本実証実験は、サンワが事業主となる新築賃貸住宅「エコンフォート前橋駒形(仮称)」の全戸に全天候型3電池連携システムを搭載し、12月27日より2025年12月26日までの期間、入居者の快適性・意識調査の実施や、各設備のエネルギー供給状況・稼働率、余剰電力量のデータを集積し、分析・評価するというもの。
全天候型 3電池連携システムは、太陽光発電システムとエネファーム、家庭用リチウムイオン蓄電池を、大和ハウス工業の「切換盤」で連携させることで、停電時の電力と給湯を確保するとともに、通常時の光熱費を削減することが可能だ。切換盤を設置することで、エネファームで発電した電力を、家庭用リチウムイオン蓄電池に蓄え、家庭内で使用することもできる。

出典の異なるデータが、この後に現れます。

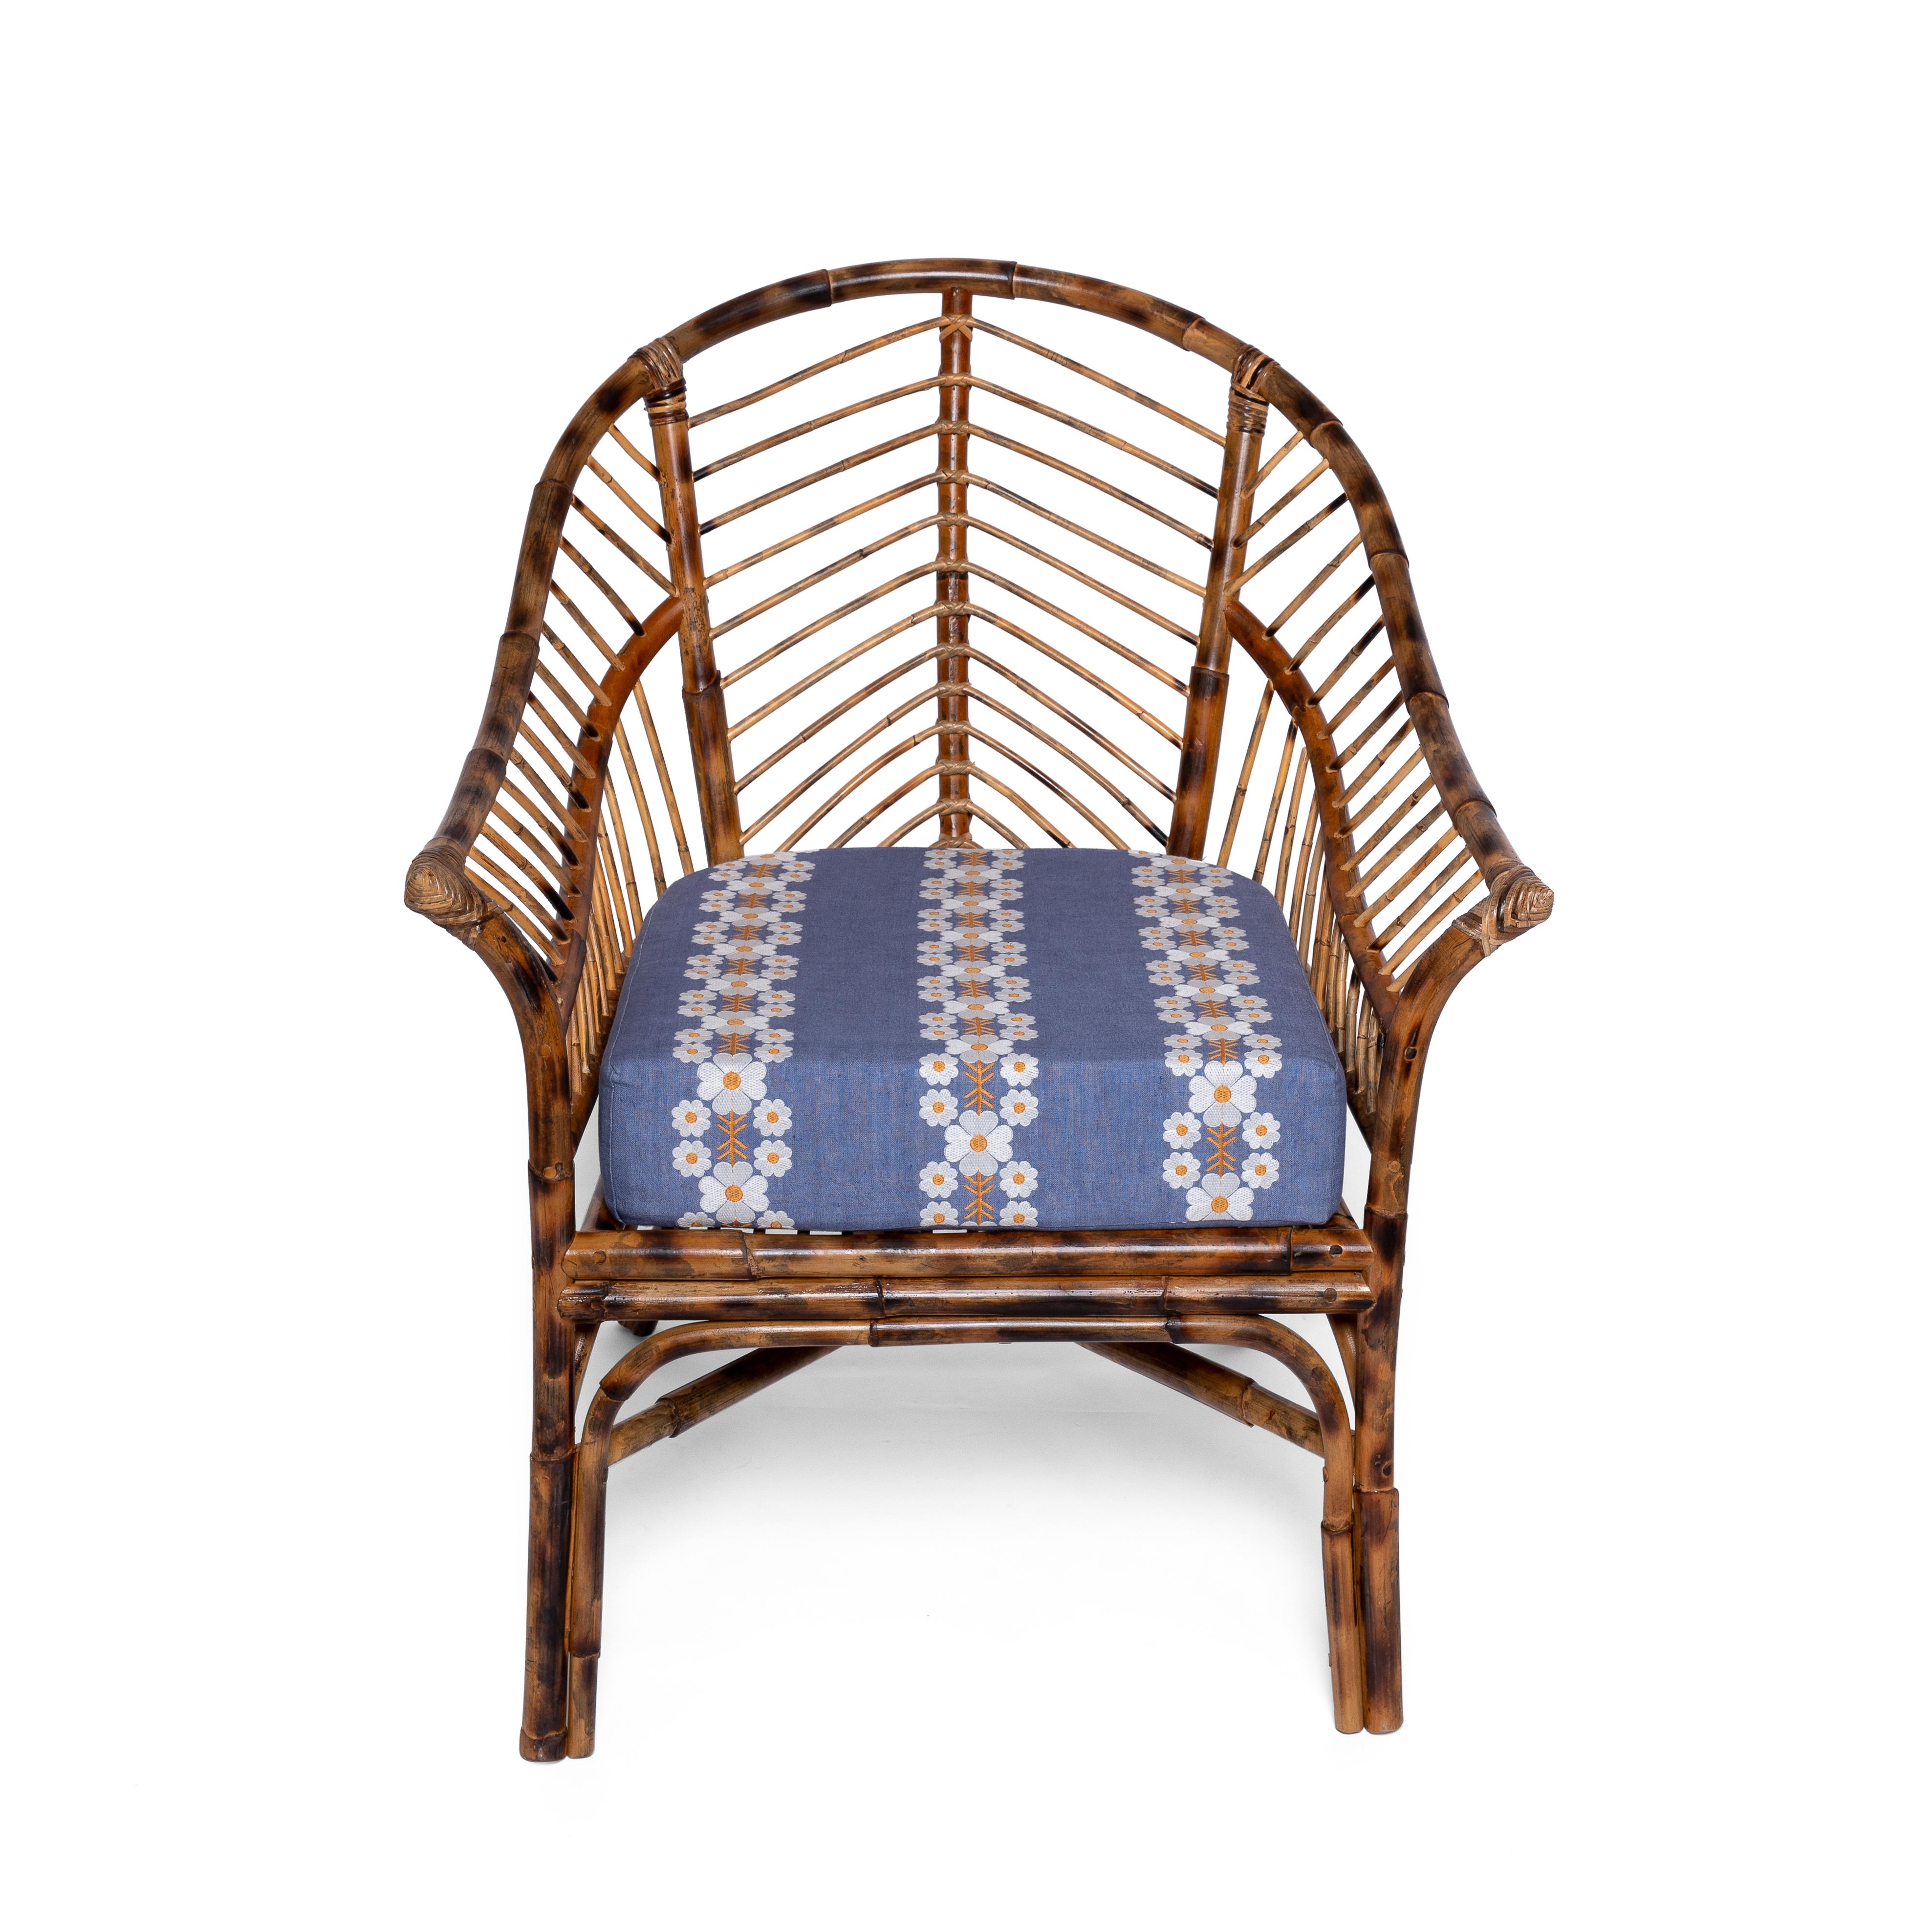 Contemporary Bamboo Chair Natural Rattan, Blue Cushion, Modern, by Sharland England

通常時は、エネファームで発電した電力に加え、昼間は太陽光発電システムで発電した電力を家庭内で使用することができるため、年間光熱費を削減することが可能。供給したエネルギーや稼働率、利用状況については、大和リビングが各戸の入居者にヒアリングを行うことで、データを蓄積し、分析する。
一次災害や二次災害に伴う停電時には、家庭用リチウムイオン蓄電池が非常用電源として、生活に必要な電力を供給する想定。停電が長期にわたる場合、エネファームが発電する電力を家庭内で使えるほか、家庭用リチウムイオン蓄電池に蓄えることで、雨天でも約10日間の電力と給湯を確保できるという。なお、停電時利用可能な設備は、各戸の LDK照明、冷蔵庫、コンロ(ガス)、風呂(ガス)、トイレ、電源コンセントとなる。
本実証実験で採用するカーボンニュートラルLPガスは、原料採取から最終利用までの全ての過程で排出されるCO2を、植林や森林管理などによる環境保全活動などにより差し引き、実質ゼロとみなすことができるプロパンガスを採用する。
実証実験対象となる物件では、エネファームでのカーボンニュートラル LPガスの採用や太陽光発電システムの搭載などにより、一般的な賃貸住宅と比較して、CO2排出量収支を200%削減することが可能。また、各戸に配置される分散型エネルギーのため、ガスの供給が遮断された災害時などにおいても、都市ガスや系統電力に比べて、早く復旧させることができるとしている。